Advances in single-cell RNA sequencing (scRNA-seq) have led to successes in discovering novel cell types and understanding cellular heterogeneity among complex cell populations through cluster analysis. However, cluster analysis is not able to reveal continuous spectrum of states and underlying gene expression programs (GEPs) shared across cell types. We introduce scAAnet, an autoencoder for single-cell non-linear archetypal analysis, to identify GEPs and infer the relative activity of each GEP across cells. We use a count distribution-based loss term to account for the sparsity and overdispersion of the raw count data and add an archetypal constraint to the loss function of scAAnet. We first show that scAAnet outperforms existing methods for archetypal analysis across different metrics through simulations.

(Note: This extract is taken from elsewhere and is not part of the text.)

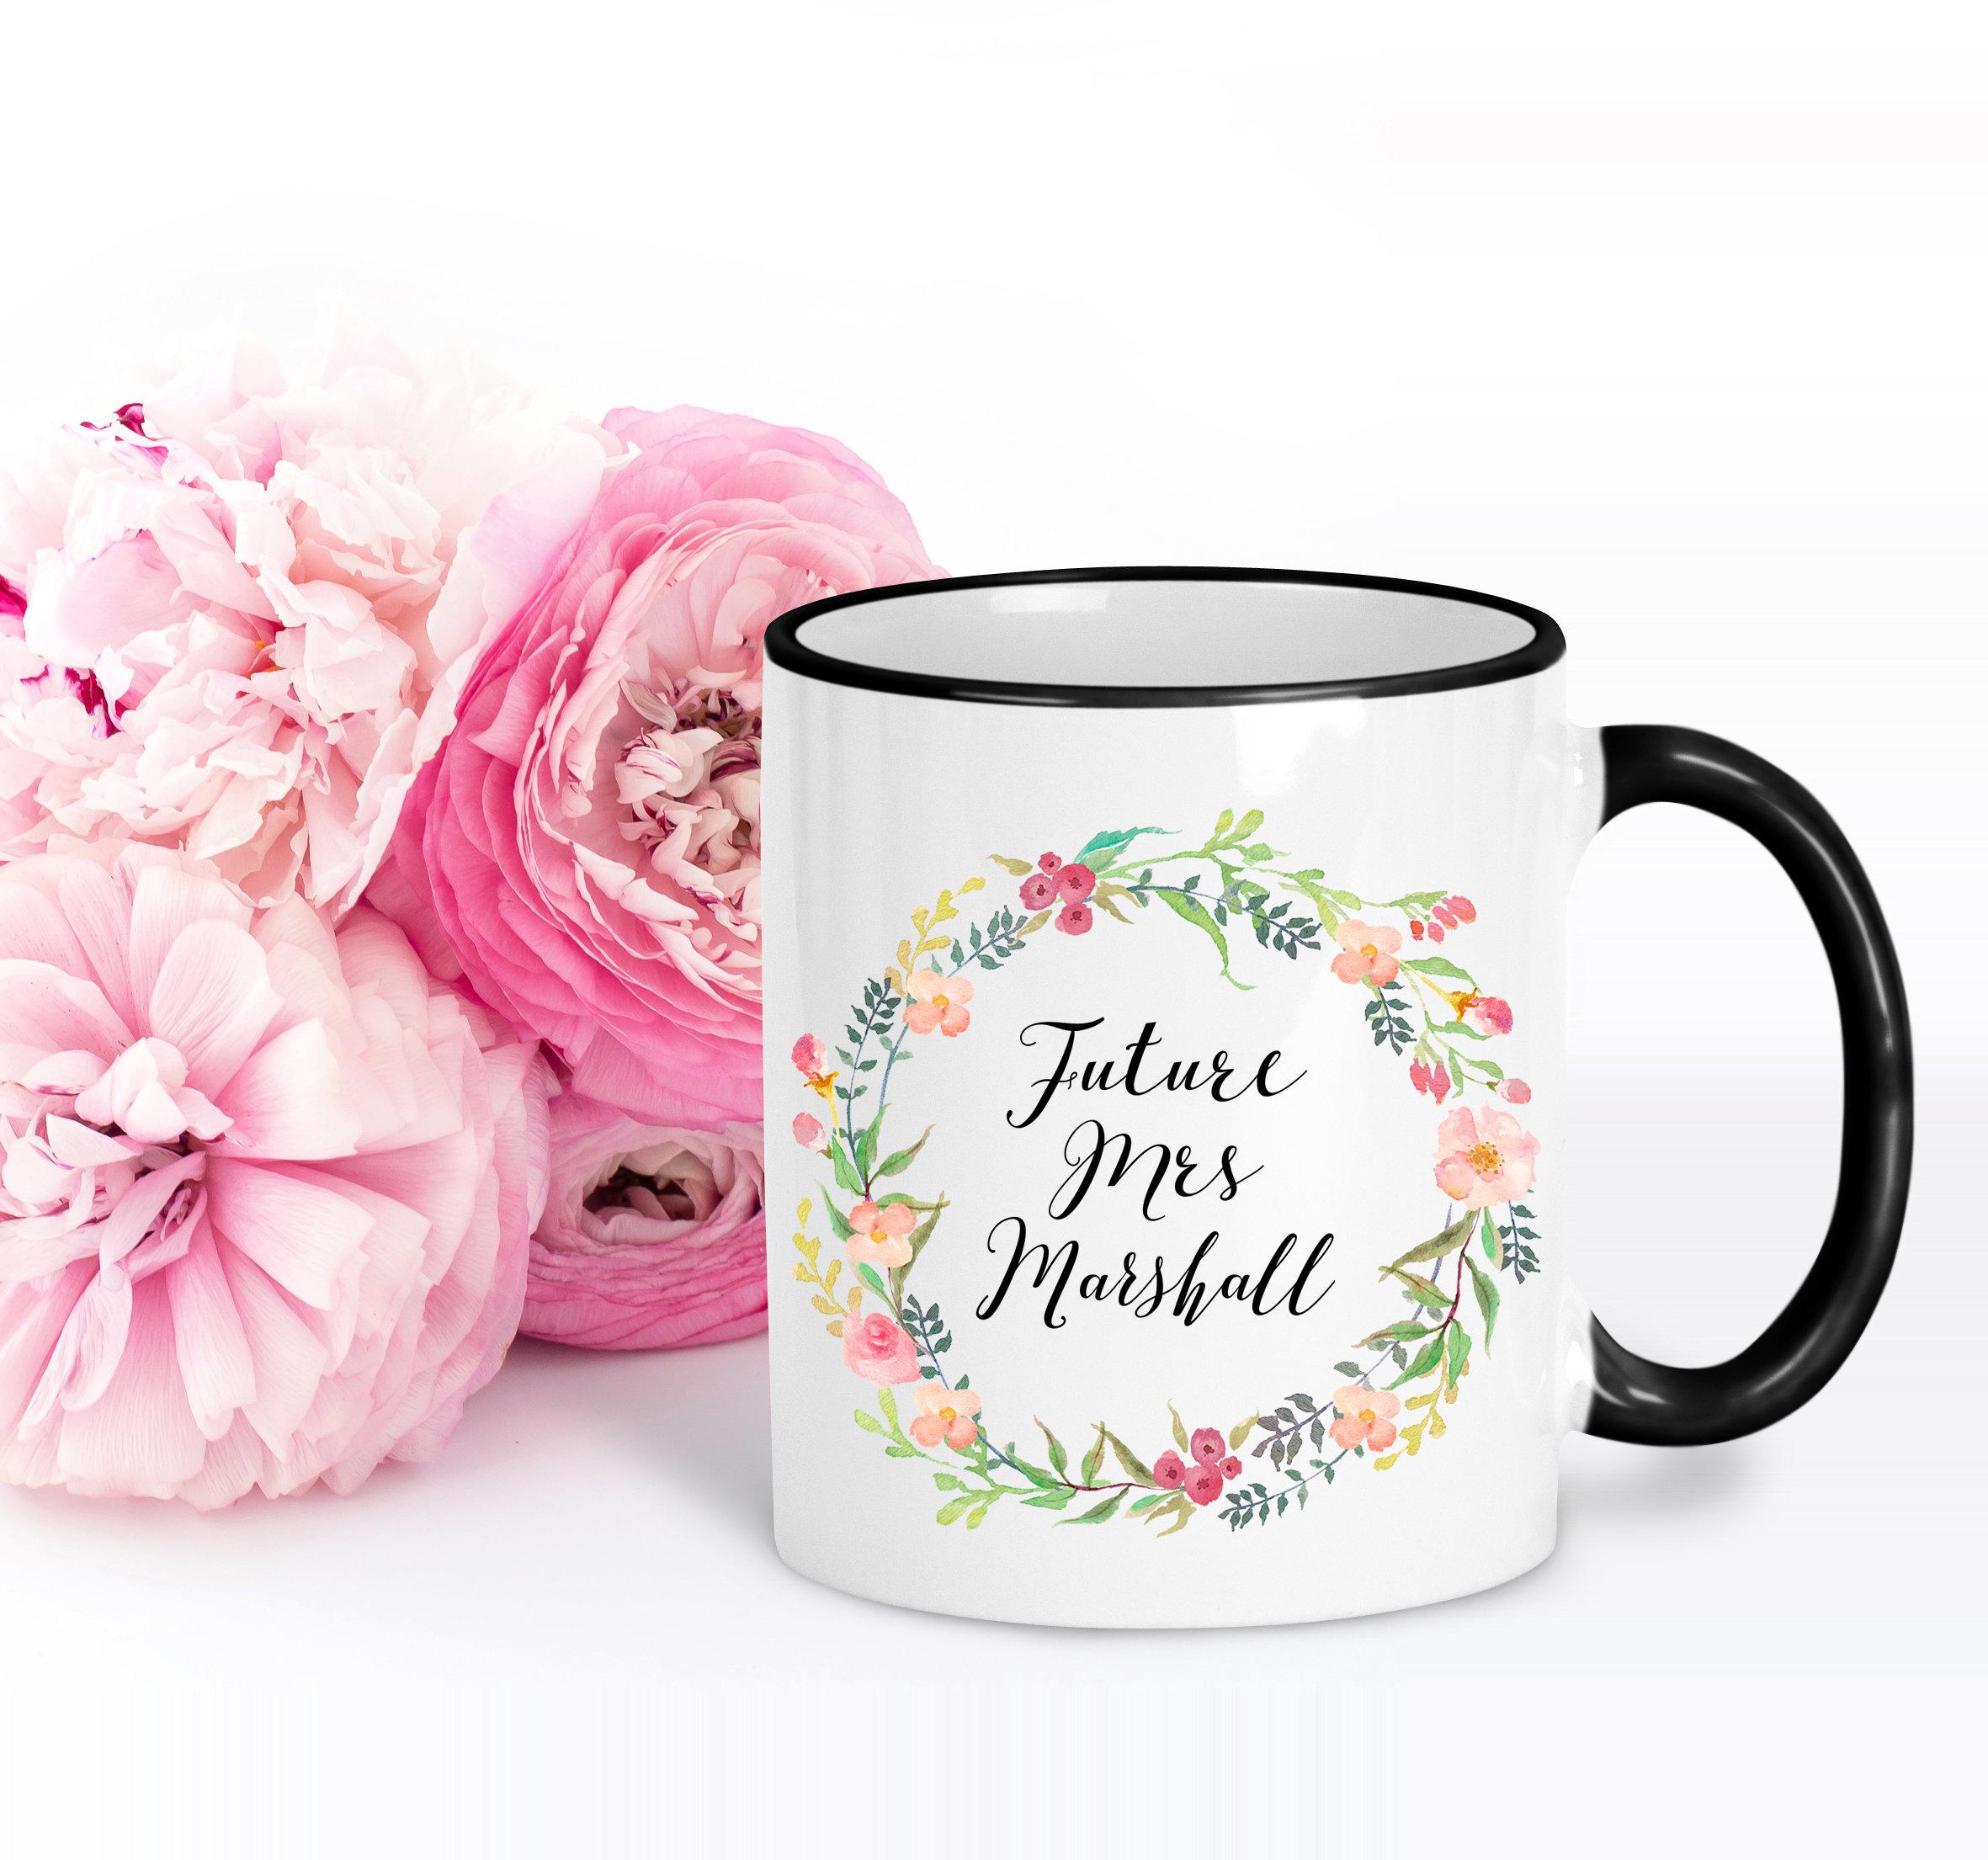 Floral Gift for Bride Future Mrs Mug Engagement Gift
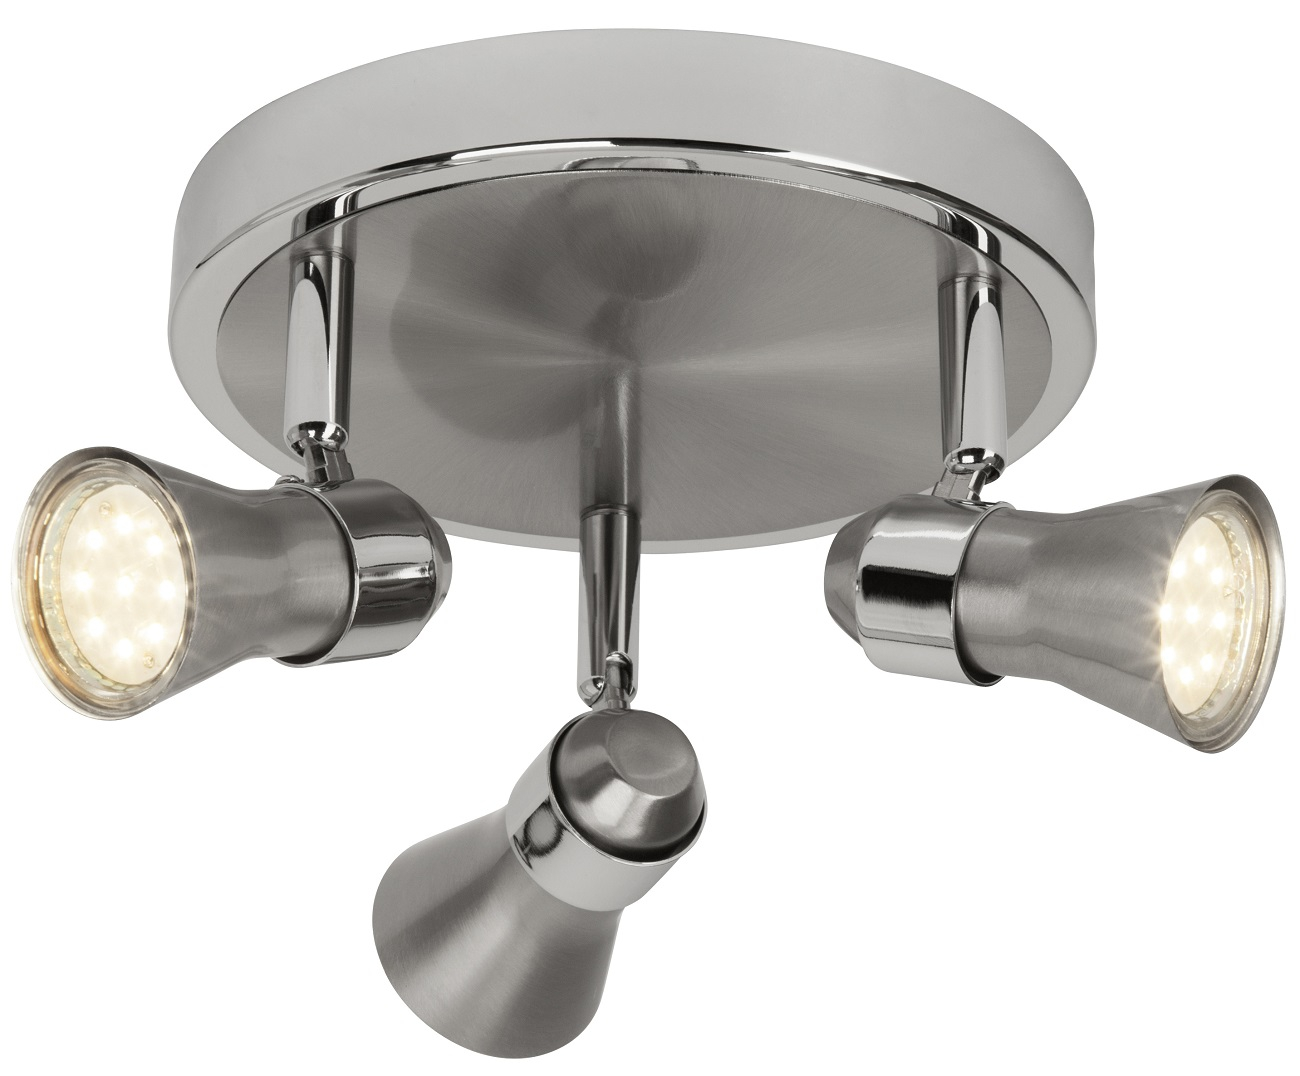 Plafondlamp Sonny 3xGU10 5Watt 3000K in chroom

We then demonstrate the ability of scAAnet to extract biologically meaningful GEPs using publicly available scRNA-seq datasets including a pancreatic islet dataset, a lung idiopathic pulmonary fibrosis dataset and a prefrontal cortex dataset.Author summary: Single-cell RNA sequencing (scRNA-seq) techniques enable the profiling of gene expression at the single-cell level, and thus make it possible to uncover the cellular heterogeneity in a complex cell population which is composed of multiple cell types. Due to the complexity of biological system, different cell types may share underlying gene expression programs (GEPs) at different levels. However, such shared patterns are difficult to study by traditional cluster analysis. Based on the assumption that the expression profile of each cell results from a non-linear combination of multiple GEPs, we develop scAAnet, a deep learning model for non-linear archetypal decomposition of scRNA-seq data. We demonstrate that scAAnet is able to both achieve better decomposition performance in simulated data and identify biologically meaningful GEPs that are either cell-type-specific or disease-enriched in three real scRNA-seq datasets. To help interpret results from scAAnet, we also provide downstream analysis tools for the identification of program-specific marker genes. We expect scAAnet can be applied to explore GEPs shared across cells when scRNA-seq is used to study a complex disease or biological system.

Suggested Citation

  • Yuge Wang & Hongyu Zhao, 2022. "Non-linear archetypal analysis of single-cell RNA-seq data by deep autoencoders," PLOS Computational Biology, Public Library of Science, vol. 18(4), pages 1-31, April.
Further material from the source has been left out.